The required answer is the run of lines from the one holding "Cherry Pickles, My" to the end of the data below, copied exactly and free of pictures.

Collected data
[Start of section]

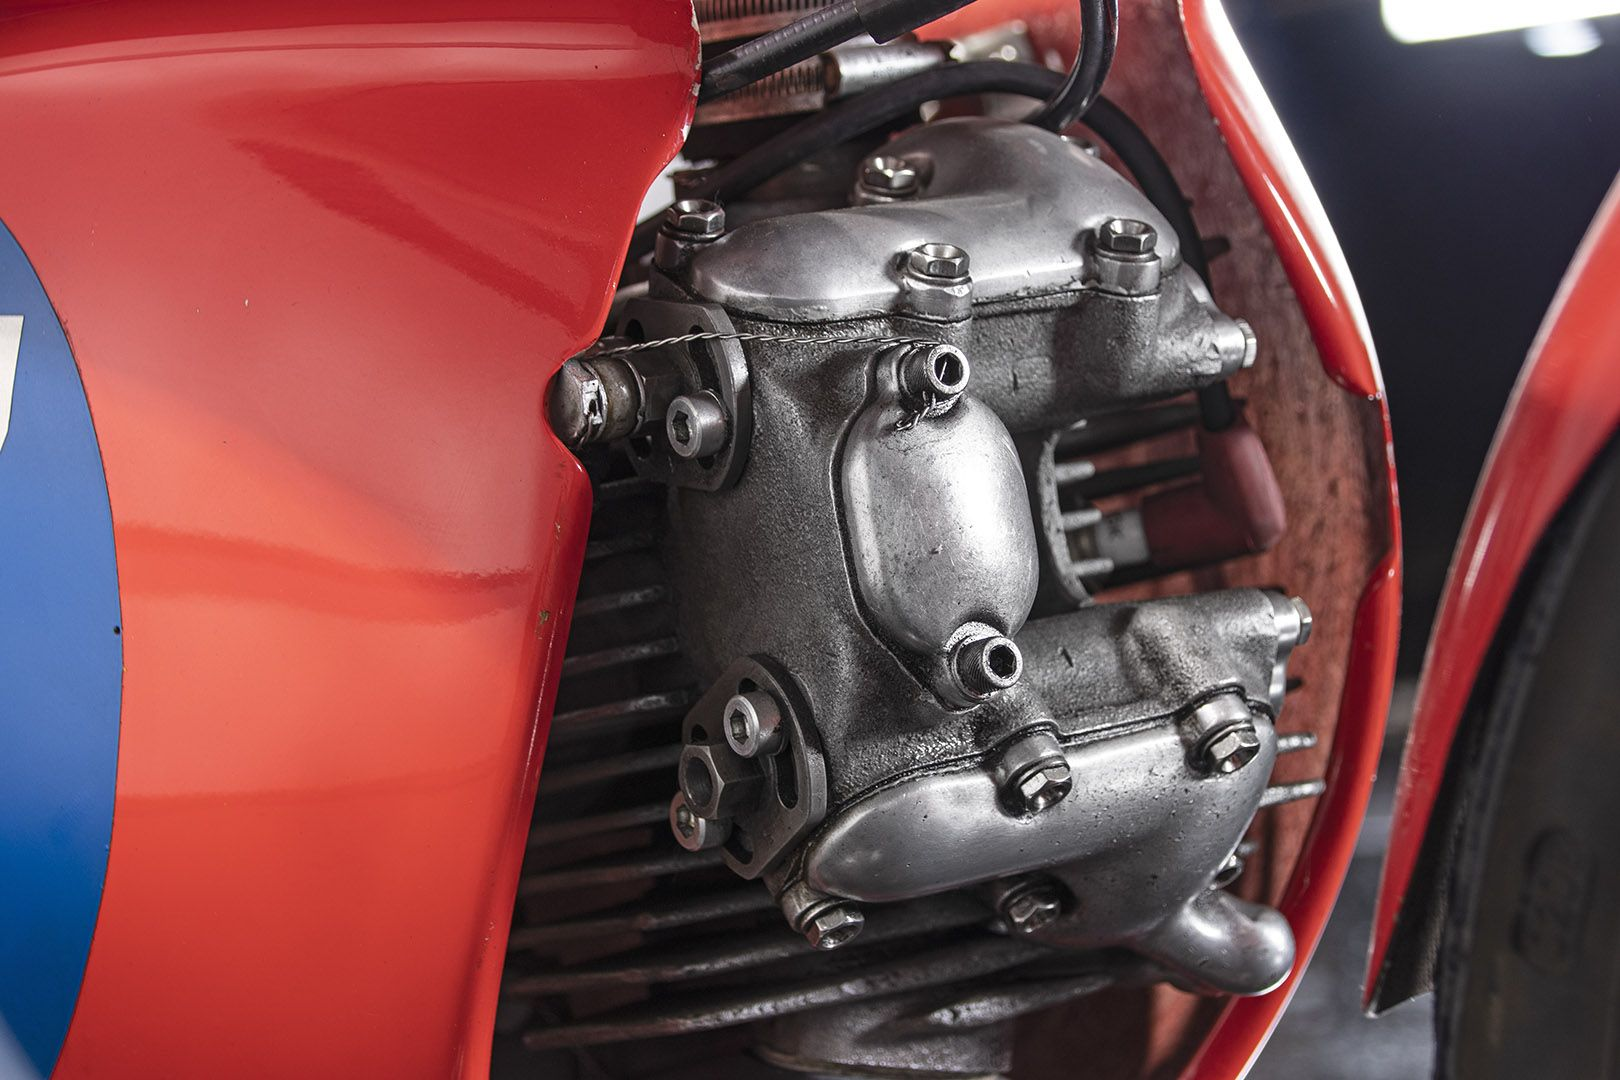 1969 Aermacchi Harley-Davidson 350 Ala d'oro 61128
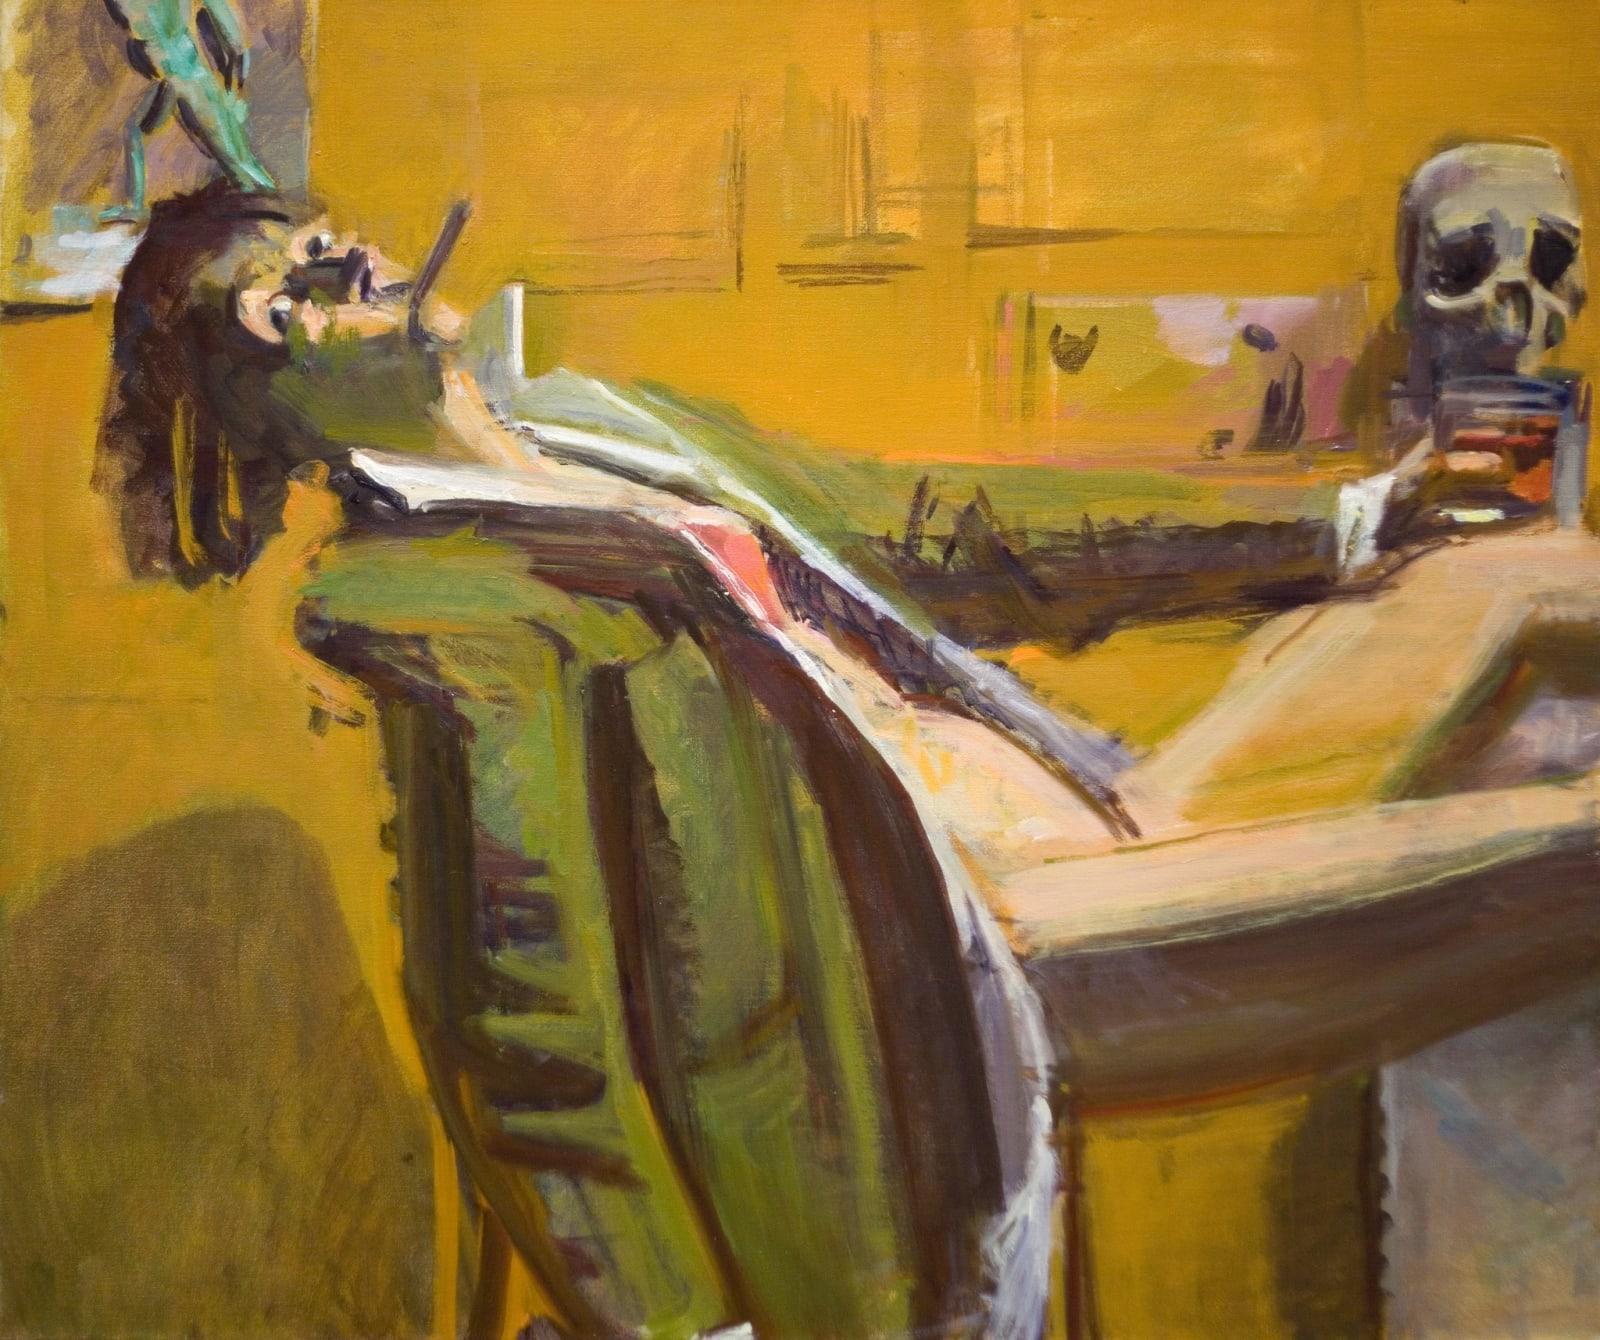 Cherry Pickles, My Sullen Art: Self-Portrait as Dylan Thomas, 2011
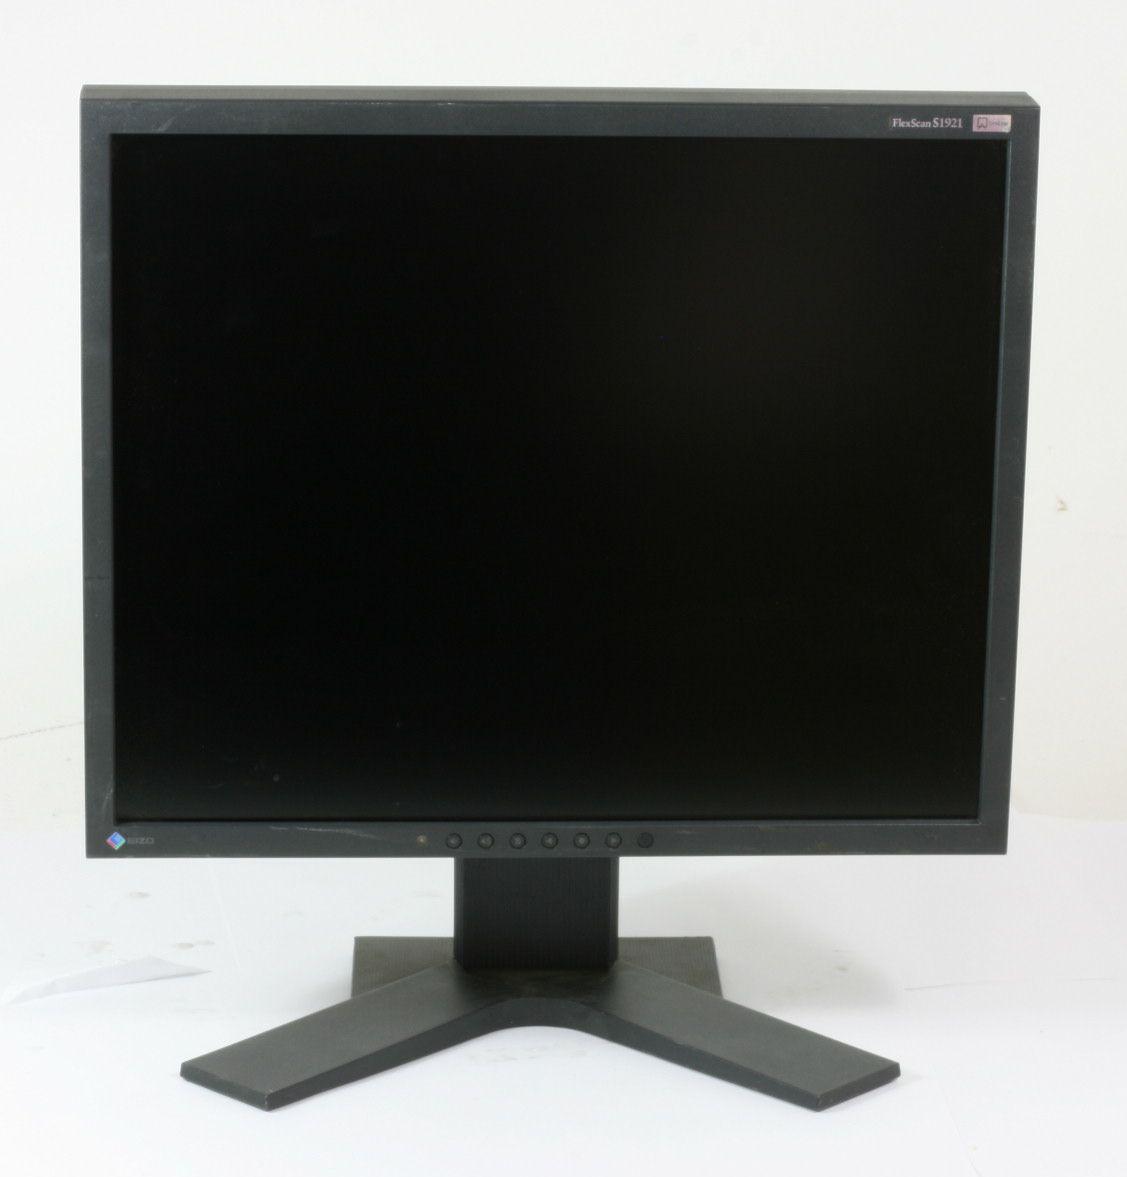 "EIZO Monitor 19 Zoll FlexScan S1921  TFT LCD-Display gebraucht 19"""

[End of section]

Expected answer
 Cherry Pickles, My Sullen Art: Self-Portrait as Dylan Thomas, 2011
 "EIZO Monitor 19 Zoll FlexScan S1921  TFT LCD-Display gebraucht 19"""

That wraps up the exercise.